Damit aber aus dem klassischen Lehrer mehr und mehr ein Lernbegleiter und Moderator von Lernprozessen wird, müssen Studierende die dafür notwendigen Fähigkeiten trainieren. Bei uns an der Uni bedeutet das, dass wir neben den diagnostischen und didaktischen auch kommunikative Kompetenzen vermitteln. Das geht dann in der Form wieder in Richtung Schule, als dass wir hier eine entsprechende Aufgeschlossenheit für die erweiterte Lehrerrolle brauchen, damit das Erlernte in der Praxis auch umgesetzt werden kann.
An welcher Stelle können Schule und das Bildungssystem Lehrer darin unterstützen, individuelle Förderung zu betreiben?
Zunächst einmal brauchen wir personelle Unterstützung zur Bildung multiprofessioneller Teams, wie wir sie aus den skandinavischen Ländern kennen.

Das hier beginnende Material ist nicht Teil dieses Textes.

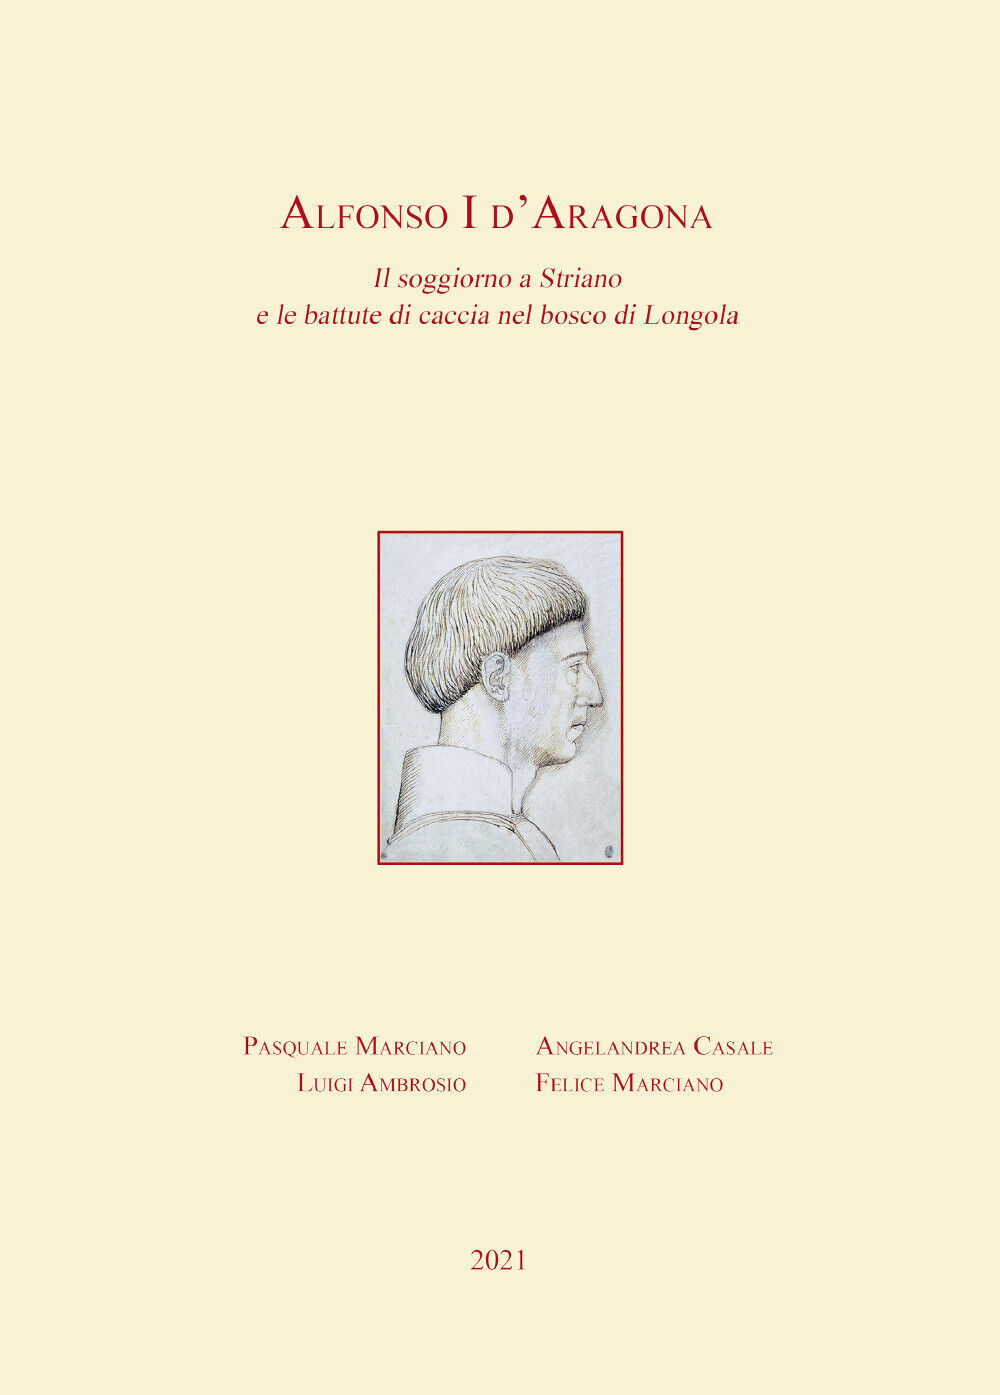 Alfonso I d'Aragonadi Pasquale Marciano, Angelandrea Casale, Felice Marciano, Lu

Das setzt aber voraus, dass sowohl diese Teams als auch die Fachpädagogen untereinander überhaupt gemeinsam arbeiten können. Wenn mehrere Lehrkräfte am Unterricht beteiligt sind, dann müssen sie diesen Unterricht zunächst einmal vorbereiten und gestalten. Viele Schulen bieten schon dafür keine Möglichkeiten. So fehlt es an festen Arbeitsplätzen innerhalb der Schule, an denen eine gemeinsame Unterrichtsvorbereitung stattfinden könnte. Schon diese – eher formale – Rahmenbedingung würde für den einzelnen Lehrer eine große Entlastung bedeuten.
Wenn wir das Stichwort Entlastung schließlich im Zusammenhang mit individueller Förderung aufgreifen, dann muss auch für die Anfänger in der dritten Ausbildungsphase eine Entlastung geschaffen werden. Das beinhaltet sowohl eine Stundenreduktion als auch eine systematische Anleitung innerhalb der Eingangsphase.

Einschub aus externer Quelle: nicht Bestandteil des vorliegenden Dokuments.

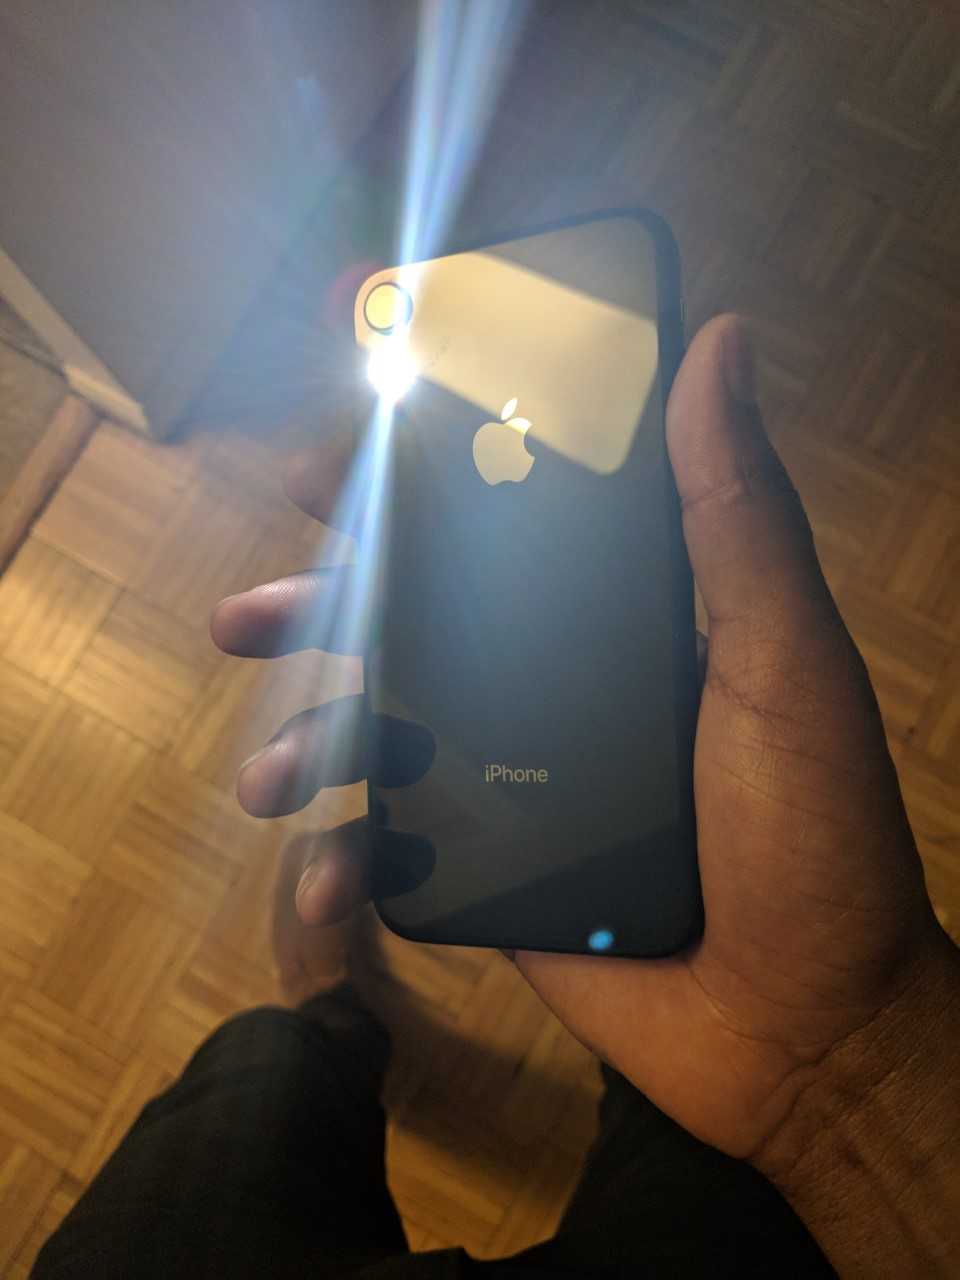 iphone torch light

Wie sieht es mit der Ressourcenverteilung zwischen den einzelnen Schulen aus: Muss diese paritätisch geregelt werden oder ist es wichtig, auch an dieser Stelle heterogenen Ansprüchen gerecht zu werden?
Das muss in jedem Fall bedarfsgerecht erfolgen. Auch im schulischen Vergleich treffen wir auf unterschiedliche Situationen und institutionelle Voraussetzungen. Da ist eine Schule im sozial schwachen Stadtteil ganz anders zu unterstützen und mit Ressourcen zu versehen als es eine starke Schule verlangt. Neben der Frage nach den verfügbaren Ressourcen ist es aber durchaus auch eine Frage der Fantasie und Kreativität, wie mit den unterschiedlichen Situationen umgegangen wird. Das erleben wir zum Beispiel an Schulen aus Problemstadtteilen, wie in Berlin-Neukölln. Hier wird jenseits der Frage nach Ressourcen eine ungeheure Kreativität entwickelt, vor allem, was den Umgang mit Schülern geht. Schon jetzt sind die Lehrer an diesen Schulen mehr Sozialpädagogen als Vermittler von Fachinhalten. Solche Lehrkräfte sind wichtig, auch wenn es um die Auflösung der Hauptschulen geht. Dann stellt sich nämlich die Frage, wie sich auf einmal alle Schüler zusammenführen lassen. So was regeln Sie dann nicht mehr über fachliche Kompetenzen.